Learning-Augmented Dynamic Submodular Maximization
Arpit Agarwal, Eric Balkanski
TL;DR
This work considers the model for dynamic algorithms with predictions where predictions regarding the insertion and deletion times of elements can be used for preprocessing and proposes an algorithm with an amortized update time that achieves a 1/2 -epsilon approximation in expectation for dynamic monotone submodular maximization under a cardinality constraint.
Abstract
In dynamic submodular maximization, the goal is to maintain a high-value solution over a sequence of element insertions and deletions with a fast update time. Motivated by large-scale applications and the fact that dynamic data often exhibits patterns, we ask the following question: can predictions be used to accelerate the update time of dynamic submodular maximization algorithms?
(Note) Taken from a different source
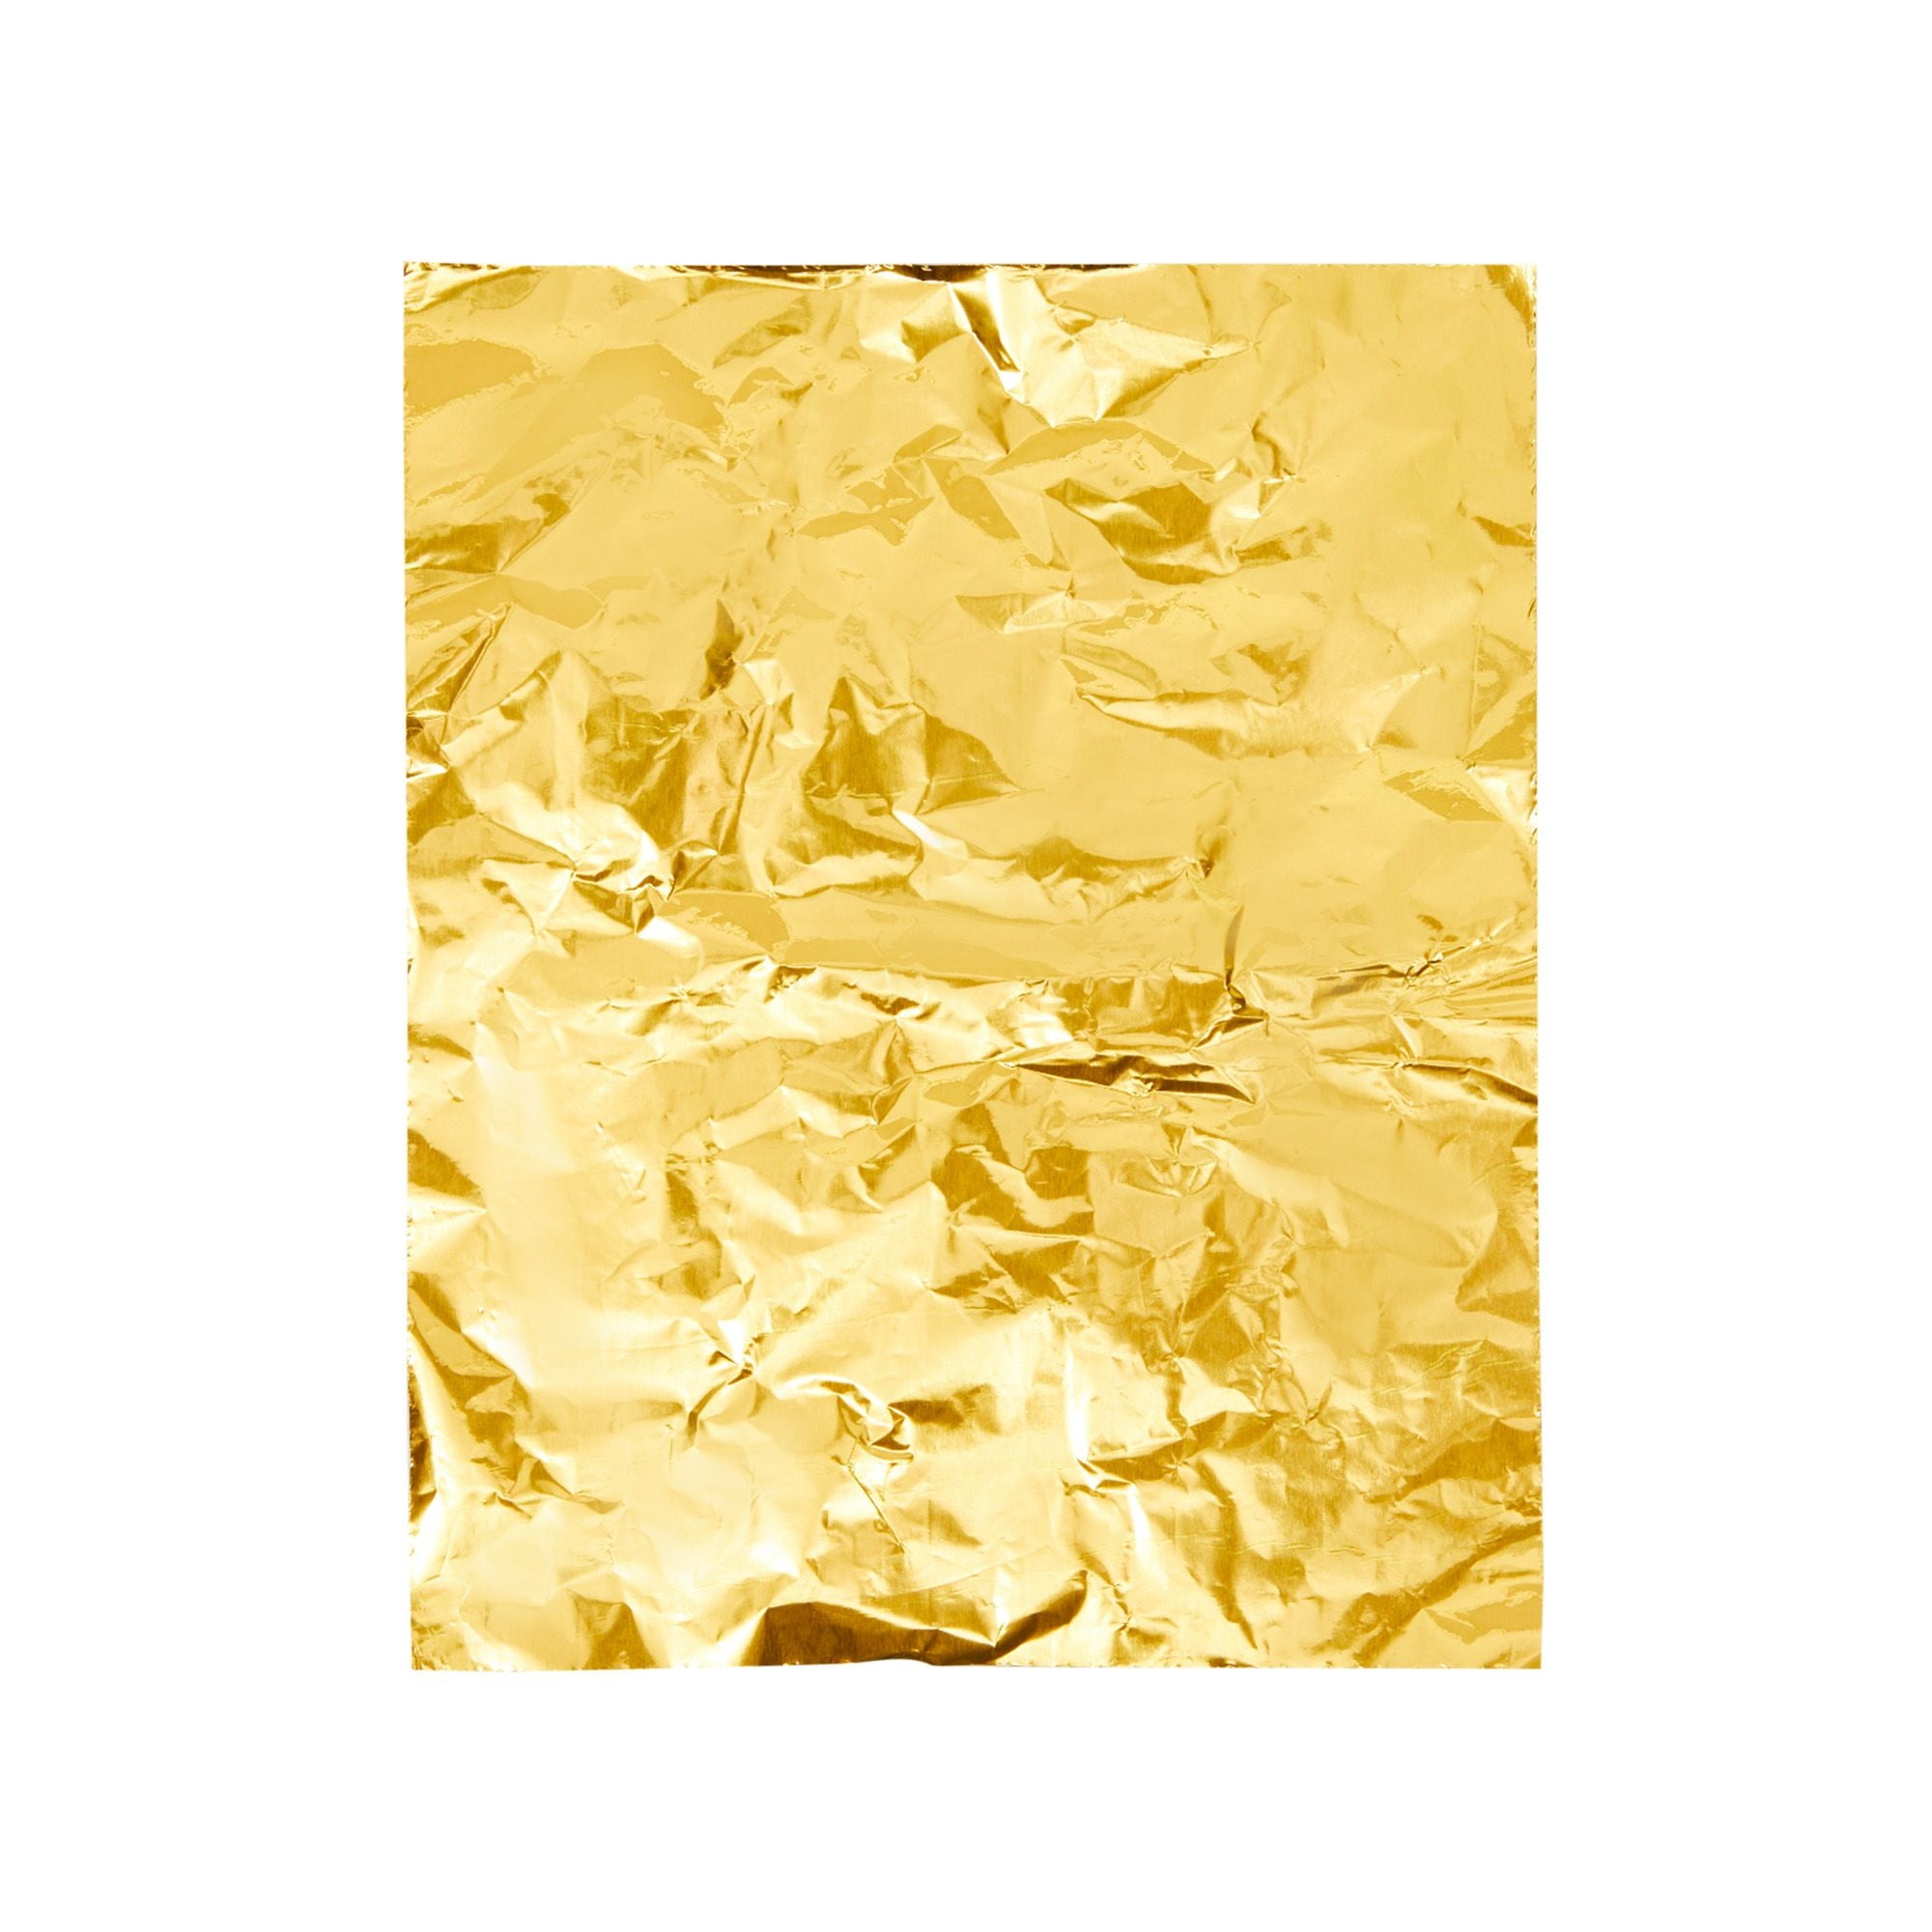 Crown Display Metallic Gold Foil Sheets For Gift Wrapping 100 Sheets I 15  In X 20 In I Gold Foil Sheets For Crafts I Plastic Wrap For Presents I Gift

We consider the model for dynamic algorithms with predictions where predictions regarding the insertion and deletion times of elements can be used for preprocessing. Our main result is an algorithm with an $O(poly(\log η, \log w, \log k))$ amortized update time over the sequence of updates that achieves a $1/2 - ε$ approximation in expectation for dynamic monotone submodular maximization under a cardinality constraint $k$, where the prediction error $η$ is the number of elements that are not inserted and deleted within $w$ time steps of their predicted insertion and deletion times. This amortized update time is independent of the length of the stream and instead depends on the prediction error.